As described above, according to the present invention, it is possible to obtain a gap between reproduced images showing noise during special reproduction, and to obtain a slow-motion reproduced image with smooth movement. Also, H
By performing special reproduction using a tape with recording patterns that are not arranged in order, it is possible to obtain a reproduced image without gaps or minuses even in case of emergency.

[Brief explanation of the drawing]

FIG. 1 is a block diagram showing an embodiment of the picture image memory device according to the present invention, FIGS. 2 and 3 are timing charts of the device shown in FIG. 1, and FIG. 4 is a head scanning center during 12x playback. FIG. 5 is a timing chart of the apparatus shown in FIG. 1 during 12 times speed playback.

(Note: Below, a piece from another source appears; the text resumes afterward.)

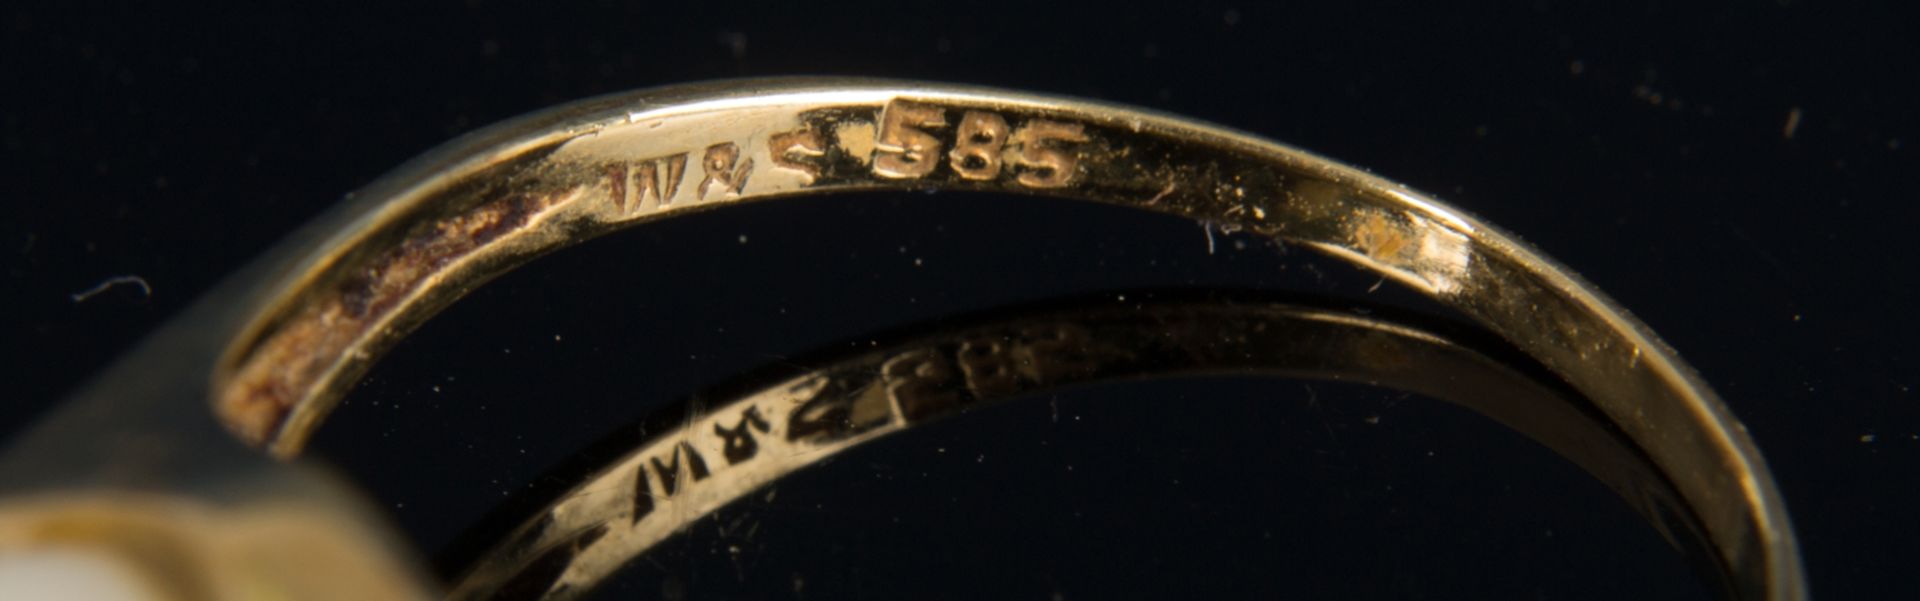 Stylischer 585er Gelbgold Damenring mit Perle besetzt. Ringdurchmesser ca. 20 mm. !960/ 70er - Image 3 of 4

FIG. 6 is a diagram showing a head scanning locus during 7-slot one reproduction, and FIGS. 7 and 8 are diagrams for explaining problems with conventional image memory devices. 3...A/D converter, 4...memory. 5...D/A converter, 11.15...Data selector. 11...Address counter, 13...Memory. Agent Patent attorney Kensuke Norichika (and 1 other person) Figure 1 b /+＾0/+ha /+ To 3 ze 8 stone 8 death ? Mo: Figure 6 Figure 7 Day n

Claims (1)

[Claims] An image memory device for a video tape recorder, comprising means for writing a digital video signal into an image memory and means for reading the digital video signal from the image memory, and for performing noiseless special playback using the image memory, A means for subtracting or adding a correction value set according to the special playback mode from the count value of an address counter that specifies an address in the image memory, and a means for subtracting or adding the value to the address when writing to the image memory or when reading the image memory. An image memory device characterized by comprising means for use as an address.